Apache DataFusion Python
A Python library that provides bindings to the Apache Arrow in-memory query engine, DataFusion. It enables users to build and execute high-performance queries using SQL or a DataFrame API against various data sources, including CSV, Parquet, JSON, and in-memory data. Leveraging its Rust-written query engine, it focuses on efficient, zero-copy data exchange with PyArrow. The library is actively maintained, with a current version of 52.3.0, and typically releases in sync with the core DataFusion project.
Warnings
- breaking Breaking changes to Foreign Function Interface (FFI) for Python extensions (e.g., custom CatalogProvider, TableProvider). Users implementing custom FFI-based providers must now provide `LogicalExtensionCodec` and `TaskContextProvider`, and method signatures have changed.
- gotcha DataFusion's Python bindings are tightly coupled with the core Rust DataFusion library. Downstream libraries (e.g., `deltalake`, `pyiceberg`) that provide DataFusion table providers often require exact version matches. This can lead to dependency conflicts when using multiple such libraries.

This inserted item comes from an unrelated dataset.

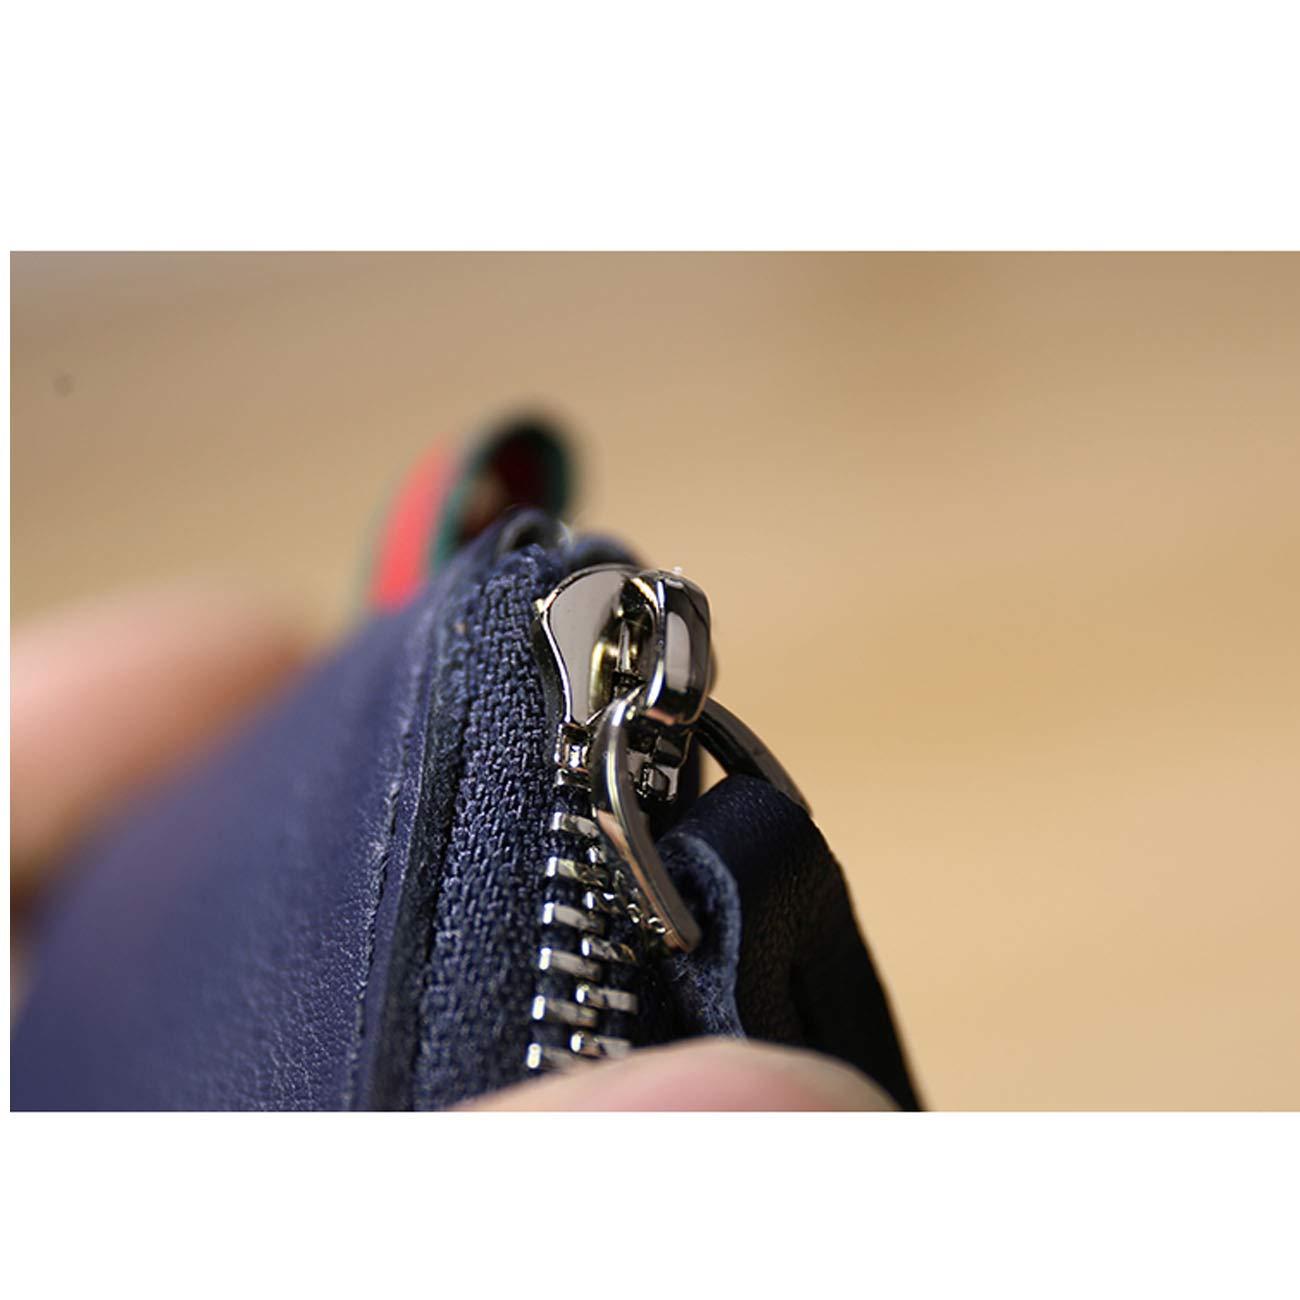 Color : Black Kalmar Money Clip Wallet RFID Blocking,Slim Wallet with Money Clip Front Pocket Wallets for Men Men with Gift Extra Capacity Travel Wallet Minimalist,Mini Slim Wallets

- breaking The way schemas are passed to `FileSource` constructors and `FileScanConfigBuilder` has been refactored. File sources now require the schema (including partition columns) at construction, and `FileScanConfigBuilder` no longer accepts a separate schema parameter. Additionally, `FilePruner::try_new()` signature changed.
- deprecated The `SchemaAdapterFactory` has been fully removed from Parquet scanning. This includes the `SchemaAdapter`, `SchemaMapper`, `DefaultSchemaAdapterFactory` traits/structs.
- gotcha The default value of the `datafusion.execution.collect_statistics` configuration setting changed from `false` to `true`. This means DataFusion will now collect and store statistics by default when a table is first created via `CREATE EXTERNAL TABLE` or DataFrame `register_*` APIs.
- breaking For advanced User-Defined Functions (UDFs), `UDF` traits now use `FieldRef` rather than `DataType` and nullability directly. `FieldRef` provides access to metadata fields, supporting extension types.
Install
-
pip install datafusion
Imports
- SessionContext
from datafusion import SessionContext
- col
from datafusion import col
- udf
from datafusion import udf
- functions
from datafusion import functions
Quickstart
from datafusion import SessionContext, col
import pyarrow as pa
# Create a DataFusion session context
ctx = SessionContext()
# Create an in-memory PyArrow table
data = {
"id": [1, 2, 3, 4],
"value": [10, 20, 15, 25],
"category": ["A", "B", "A", "C"]
}
pyarrow_table = pa.table(data)
# Register the PyArrow table as a DataFusion table
ctx.register_record_batches("my_table", [pyarrow_table.to_batches()])
# Execute a SQL query
df_sql = ctx.sql("SELECT category, SUM(value) FROM my_table GROUP BY category ORDER BY category")
print("SQL Query Result:")
print(df_sql.to_pandas())
# Execute a DataFrame API query
df_dataframe = ctx.table("my_table")
df_dataframe = df_dataframe.group_by(col("category")) \
.aggregate([col("value").sum().alias("total_value")]) \
.sort(col("category"))
print("\nDataFrame API Query Result:")
print(df_dataframe.to_pandas())